Physician assistant dr. Margriet Kwint (Antoni van Leeuwenhoek, Amsterdam) promoveerde op 18 mei jl. op de evaluatie van verschillende strategieën om de bestralingsbehandeling te optimaliseren voor patiënten met lokaal gevorderd, niet-kleincellig longcarcinoom.1
Margriet Kwint is niet de eerste physician assistant die promoveert, maar wel de eerste binnen de radiotherapie. Het proces hier naartoe verliep gaandeweg. Kwint studeerde af op onderzoek naar dysfagie bij patiënten die radiotherapie krijgen.

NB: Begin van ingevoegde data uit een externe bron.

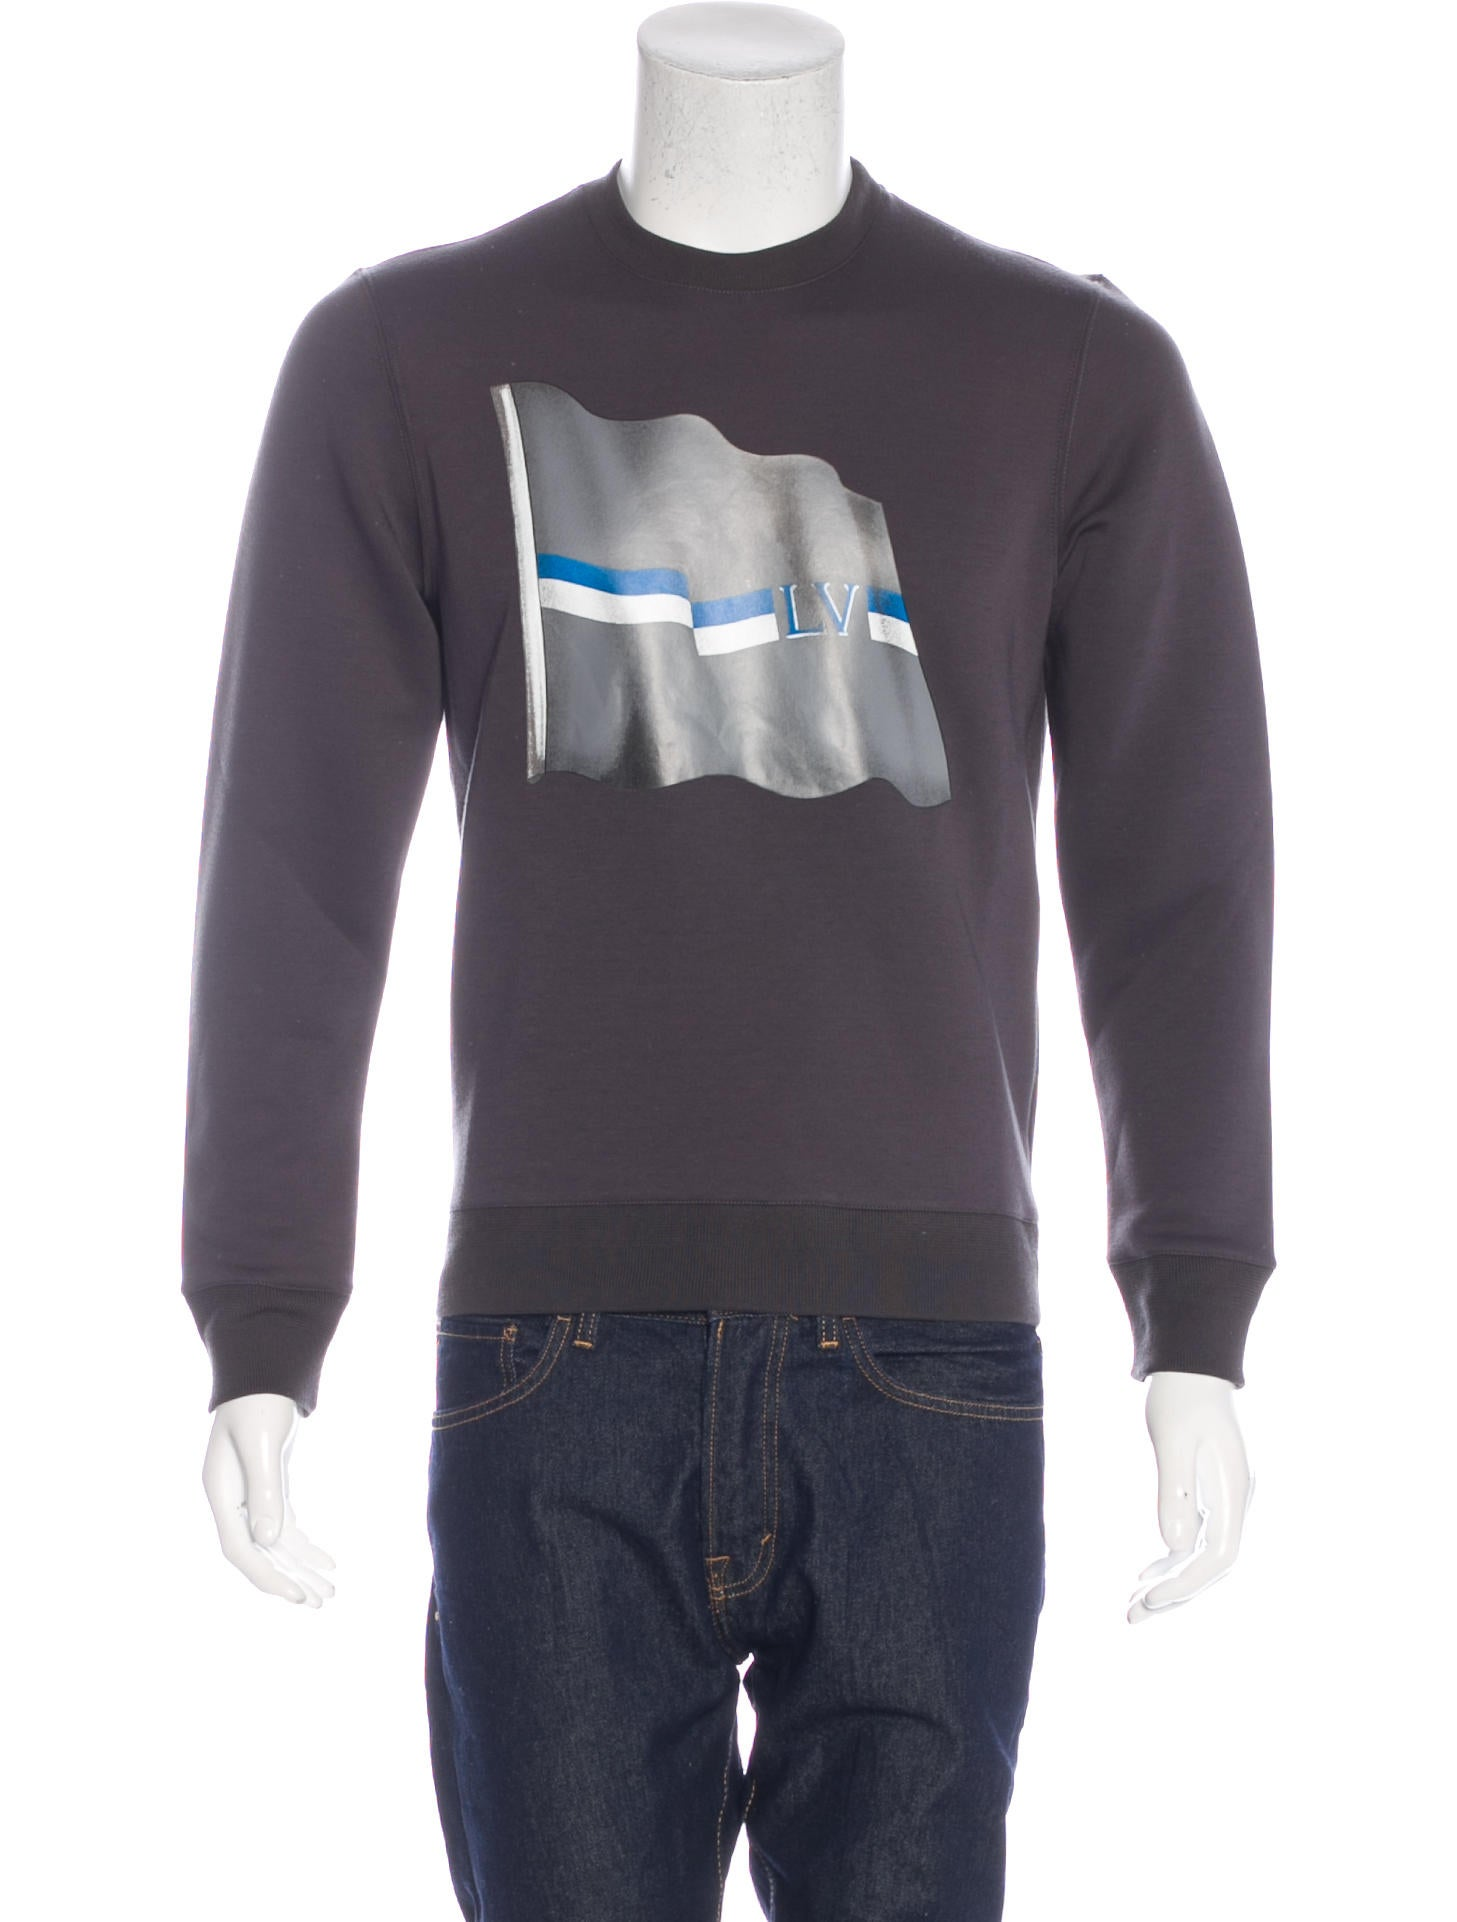 Louis vuitton hoodies

Haar bevindingen leidden tot een artikel in een medisch tijdschrift en een presentatie op een congres. “Zo werd ik wegwijs in de wereld van het onderzoek”, vertelt ze. “Volgende onderzoeksprojecten leidden in 2017 tot het begin van mijn promotietraject. Het past in mijn streven om het werk in de kliniek en onderzoek met elkaar te verbinden in mijn werk. Met mijn promotie laat ik ook meteen aan mijn collega-physician assistants zien dat die ruimte er dus is.”
Beperkt behandelresultaat
De focus in het onderzoek van Kwint ligt op patiënten met lokaal gevorderd, niet-kleincellig longcarcinoom (LA-NSCLC). De standaardbehandeling in dit ziektestadium is gelijktijdige chemo-radiotherapie (CCRT) met adjuvante immunotherapie bij patiënten zonder progressie na CCRT. Een behandeling die gepaard gaat met toxiciteit (onder andere dysfagie, haar eerdere studieonderwerp) en waarvan de algehele overleving, ondanks dat het een op genezing gerichte behandeling is, nog steeds slecht is. “Deze patiënten zijn net het stadium voorbij dat een operatie nog technisch uitvoerbaar is om het tumorweefsel 100% te verwijderen”, zegt Kwint. “Slechts bij 5% is dit in tweede instantie, na de standaardbehandeling dus, toch nog geïndiceerd. Een hoge dosis radiotherapie gecombineerd met systemische behandeling is momenteel de beste beschikbare behandeling.”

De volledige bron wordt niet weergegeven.